Find Logos or Products in Images
Detect if a social post contains a specific branded item and create descriptions for each instance.

eyepop.describe.product-placement:latest
You are given an image of a social media post. Your task is to visually inspect the image and determine if a specific target product is present.
TARGET PRODUCT: A bright neon-blue aluminum soda can featuring a bold yellow lightning-bolt logo on the front.
Return ONLY valid...
...Run the full prompt in your EyePop.ai dashboard
Model type
EyePop.ai VLM
How It Works
Tracking product placement and brand visibility in social media feeds means ensuring contracted items appear correctly and also discovering organic appearances in UGC (user-generated content). Manually scrubbing through hundreds of influencer posts and stories across platforms to track a single product is inefficient and unscalable. The Describe task on the Abilities tab can act as a tool, determining if a post contains a specific branded item and creates a description for each instance.
For example, whether during a sponsored post or an organic viral story, the photo should be flagged with the label target_product if it clearly shows the dedicated product, in this case, a neon-blue aluminum soda.
For example, if the image below is an influencer’s story post and our brand is the blue soda can, then the model should examine the image and categorize the data into specific fields. For example, the model will state target_product as found and set the description as ”The neon-blue aluminum soda can with a bold yellow lightning-bolt logo is sitting on a marble vanity table, surrounded by makeup brushes and palettes.”.

Our expected inputs are images of social media posts, and the expected output will be a structured text format, a JSON file for this example, containing the extracted information from the images.
UI Tutorial
First, let’s define the ability:
from eyepop import EyePopSdk
from eyepop.data.data_types import InferRuntimeConfig, VlmAbilityGroupCreate, VlmAbilityCreate, TransformInto
from eyepop.worker.worker_types import CropForward, ForwardComponent, FullForward, InferenceComponent, Pop
import json
ability_prototypes = [
VlmAbilityCreate(
name=f"{NAMESPACE_PREFIX}.describe.product-placement",
description="Identify brand product placement in the images",
worker_release="qwen3-instruct",
text_prompt=product_prompt,
transform_into=TransformInto(),
config=InferRuntimeConfig(
max_new_tokens=450,
image_size=512
),
is_public=False
)
]
The prompt we can use here is:
"You are given an image of a social media post. Your task is to visually inspect the image and determine if a specific target product is present.

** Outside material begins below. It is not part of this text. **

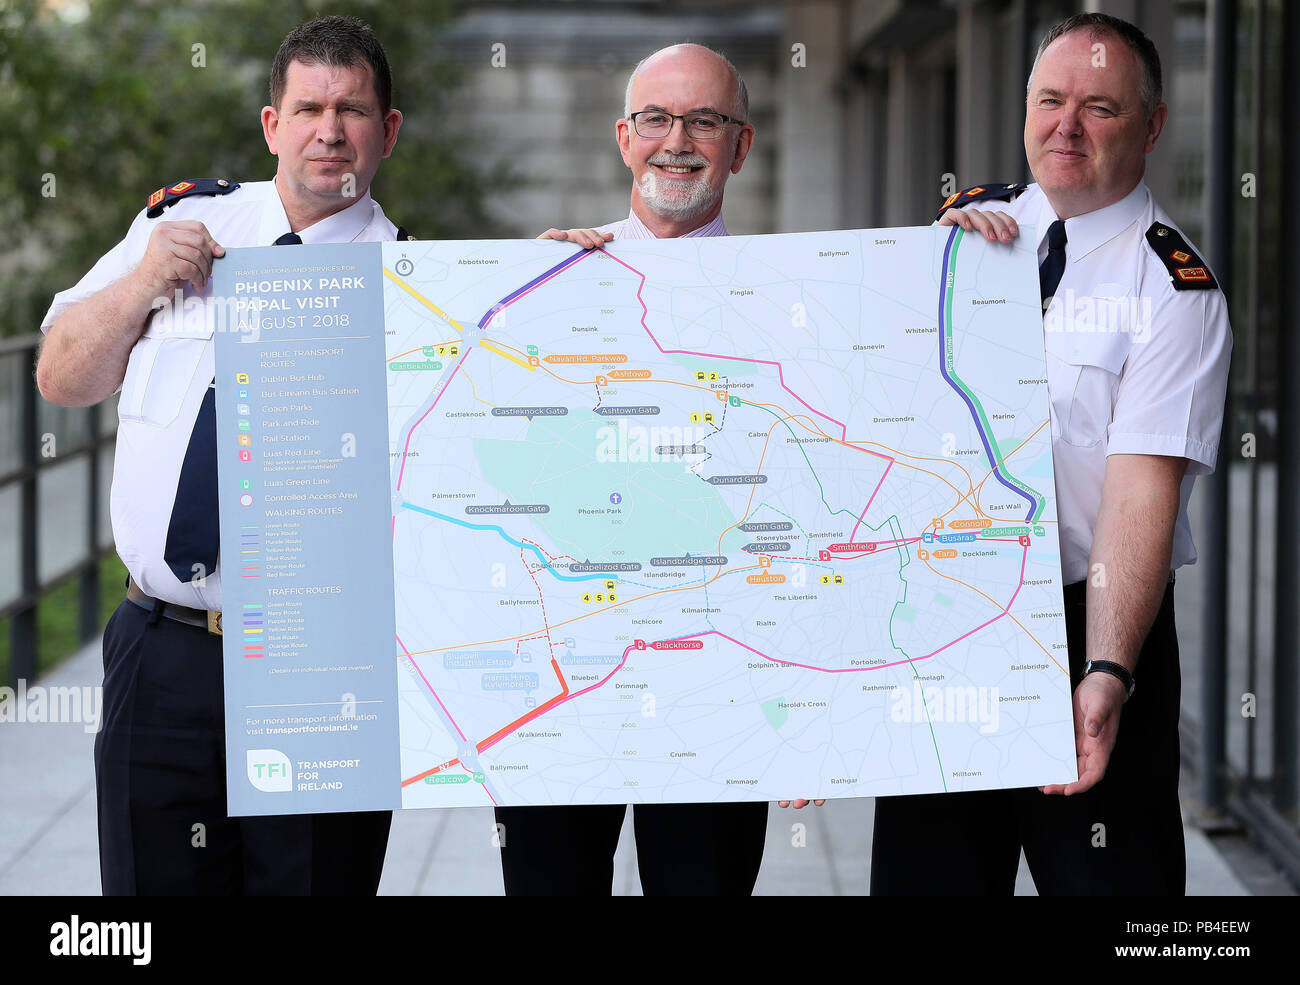 Tim Gaston, National Transport Authority (centre) with Superintendent Tom Calvey (left) and Superintendent Tom Murphy during a briefing in relation to public safety and transport information concerning the visit of Pope Francis to Ireland next month, the first papal visit to Ireland since 1979. Stock Photo

TARGET PRODUCT: A bright neon-blue aluminum soda can featuring a bold yellow lightning-bolt logo on the front.
Return ONLY valid..."
Next, we can actually create the ability with the following code:
with EyePopSdk.dataEndpoint(api_key=EYEPOP_API_KEY, account_id=EYEPOP_ACCOUNT_ID) as endpoint:
for ability_prototype in ability_prototypes:
ability_group = endpoint.create_vlm_ability_group(VlmAbilityGroupCreate(
name=ability_prototype.name,
description=ability_prototype.description,
default_alias_name=ability_prototype.name,
))
ability = endpoint.create_vlm_ability(
create=ability_prototype,
vlm_ability_group_uuid=ability_group.uuid,
)
ability = endpoint.publish_vlm_ability(
vlm_ability_uuid=ability.uuid,
alias_name=ability_prototype.name,
)
ability = endpoint.add_vlm_ability_alias(
vlm_ability_uuid=ability.uuid,
alias_name=ability_prototype.name,
tag_name="latest"
)
print(f"created ability {ability.uuid} with alias entries {ability.alias_entries}")

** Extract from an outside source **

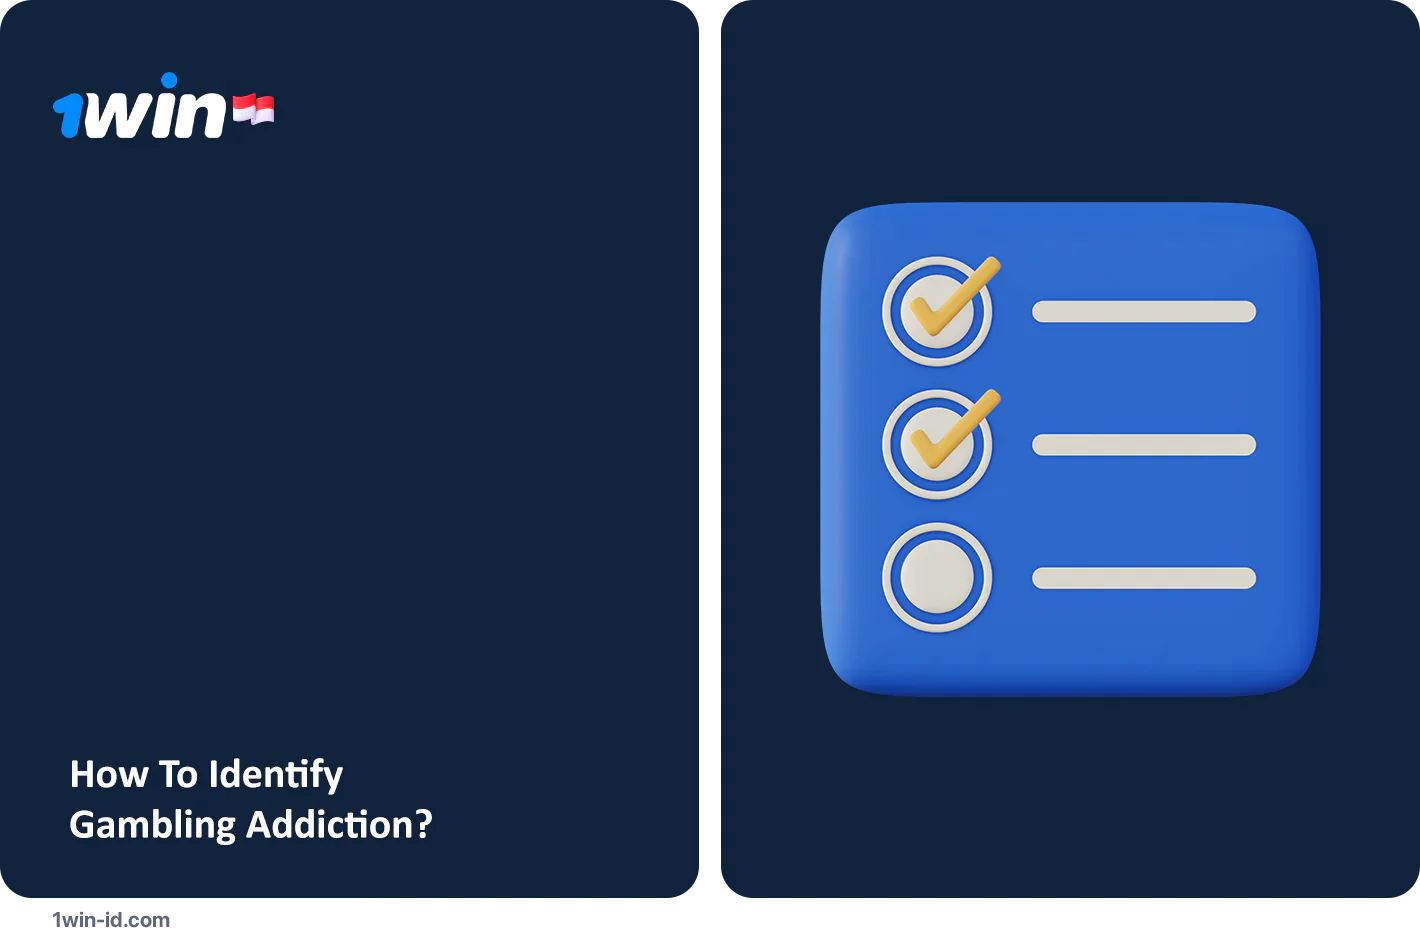 How to identify gambling addiction - a simple test - 1Win

That’s it! To run the prompt against an image here is some sample evaluation code:
from pathlib import Path
pop = Pop(components=[
InferenceComponent(
ability=f"{NAMESPACE_PREFIX}.describe.product-placement:latest",
)
])
img_path = "content/sample_img.png" # Add path to image
with EyePopSdk.workerEndpoint(api_key=EYEPOP_API_KEY) as endpoint:
endpoint.set_pop(pop)
sample_img_path = Path(img_path)
job = endpoint.upload(sample_img_path)
while result := job.predict():
print(json.dumps(result, indent=2))
print("Done")
After running the evaluation you can see what the model labelled and compare it to your source of truth. With this, you can improve your prompts and thus improve your accuracy.